My understanding of containerized applications is that each container should be an ephemeral unit that can and will be deprovisioned and reprovisioned unexpectedly, and should thus not be used for stateful purposes.
However when looking into spinning up an application using Docker-Compose, it seems as though every example I see seems to have some sort of PostgreSQL or Redis service as part of its configuration.
Apologies if this is not the best way to frame this question, but what is the overall best practice on this? To containerize the database and presumably persist data from the container to the host’s disk, or to outright run the database on the host and connect from the application container to the host?
2
Answers
Containerizing a database and using it as a microservice are different ideas even though they get conflated. A container is in many ways a sibling to a virtual machine. It’s fine to containerize a database but definitely* don’t make it a microservice.
*Unless you know why you need it to be a microservice.
It is very reasonable to run stateless workloads in containers, and have a separate non-containerized database on bare metal or a hosted cloud service (e.g., AWS RDS), especially in production.
As you note, the lifecycle of databases and containers are very different. Databases must be backed up and available, and for traditional relational databases it’s tricky to get more replication than an active/standby pair and maybe a passive read replica. Containers are intended to be freely destroyed and replaced, and typical HTTP- or queue-based microservices can easily run multiple replicas.

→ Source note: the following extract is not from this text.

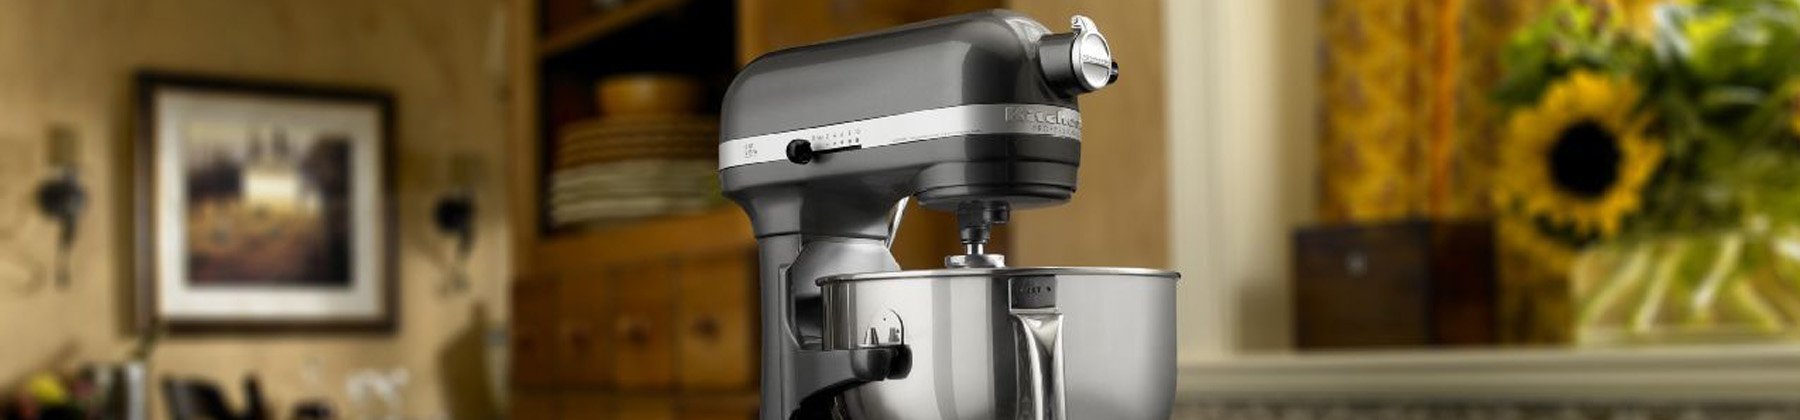 Photo of a KitchenAid 6-Quart Bowl-Lift Stand Mixer on a countertop.

If you look around Stack Overflow questions you’ll see a lot of things that don’t match production setups. (The biggest one is using
volumes:
for a live-development environment; production container-oriented deployments should just be able todocker run
an image out of a repository without having any of the source code or assets locally.) A local database setup fits this category, but it’s a good idea for a development environment: you can use a database per project and they will be isolated from other databases, and it’s easy to reset if something goes really wrong.